Quel poliziotto non doveva sparare

L'agente che ha ucciso Sandri ha compiuto un gesto folle. Ed è indifendibile. Parola di prefetto. Colloquio con Achille Serra

Il poliziotto che spara ad altezza d'uomo all'autogrill è indifendibile. La pistola? Non doveva neanche tirarla fuori. Achille Serra, trent'anni in polizia, non usa mezze parole per condannare la morte di Gabriele Sandri. Serra ha fatto il prefetto in città come Palermo e Roma, ha diretto la Questura di Milano e ha avuto a che fare con il terrorismo e con le piazze più violente. Oggi è l'Alto commissario per la lotta alla corruzione, e da una posizione del genere è ancora più libero di ragionare con franchezza sulla nostra ultima domenica di follia. Gli assalti alle caserme, però, secondo Serra non sono stati una reazione rabbiosa, "ma il frutto di una regia rapida e organizzata".

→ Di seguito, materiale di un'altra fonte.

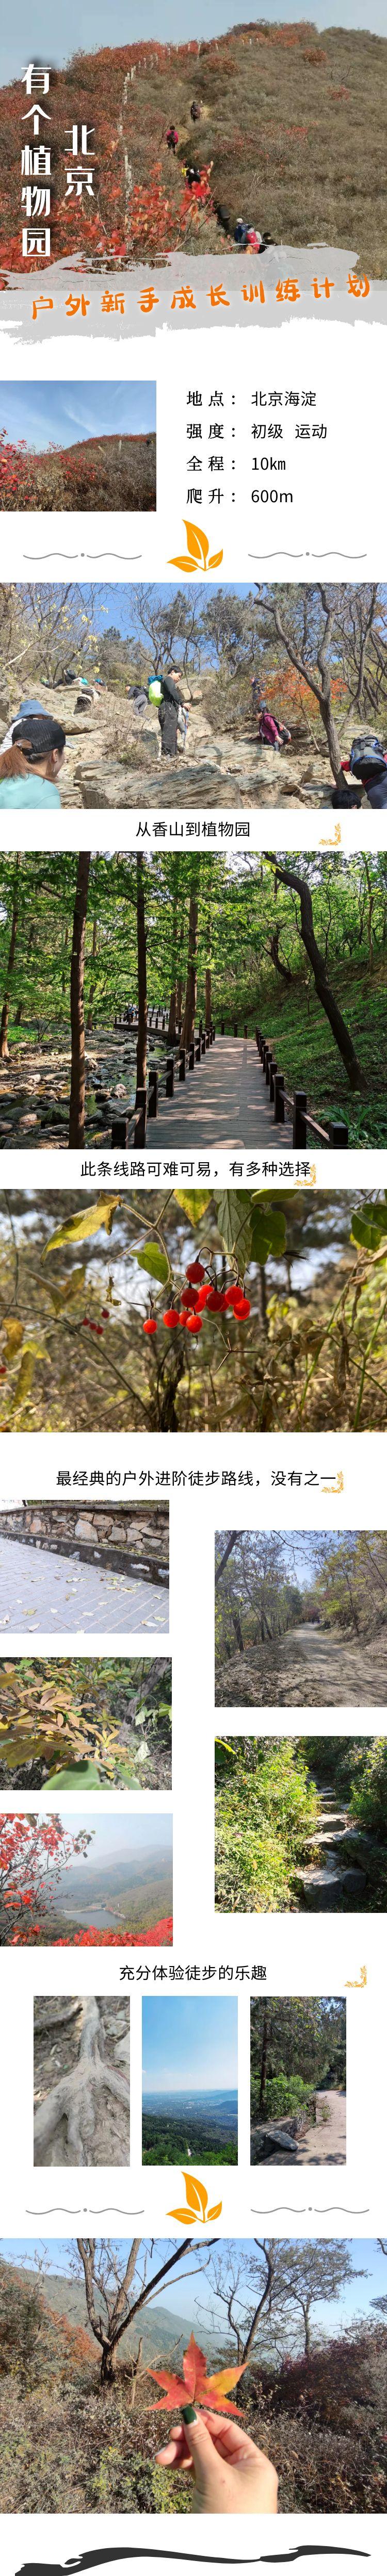 北京有个植物园

Che effetto le ha fatto la morte di Sandri?
"Ho passato una vita in polizia. Ne vado fiero ed è un'istituzione che difenderò sempre. Quando ero prefetto di Roma, ad esempio, difesi i poliziotti per gli scontri con i tifosi ubriachi del Manchester. Ma l'agente che ha ucciso quel ragazzo in autostrada mi sembra indifendibile. Siamo di fronte a un gesto folle, quasi da demente. La pistola non doveva manco tirarla fuori. Figurarsi sparare. L'arma può essere estratta solo in casi estremi, se c'è rischio della vita per qualcuno o per l'agente stesso. Non può essere impiegata mai come strumento d'ordine pubblico".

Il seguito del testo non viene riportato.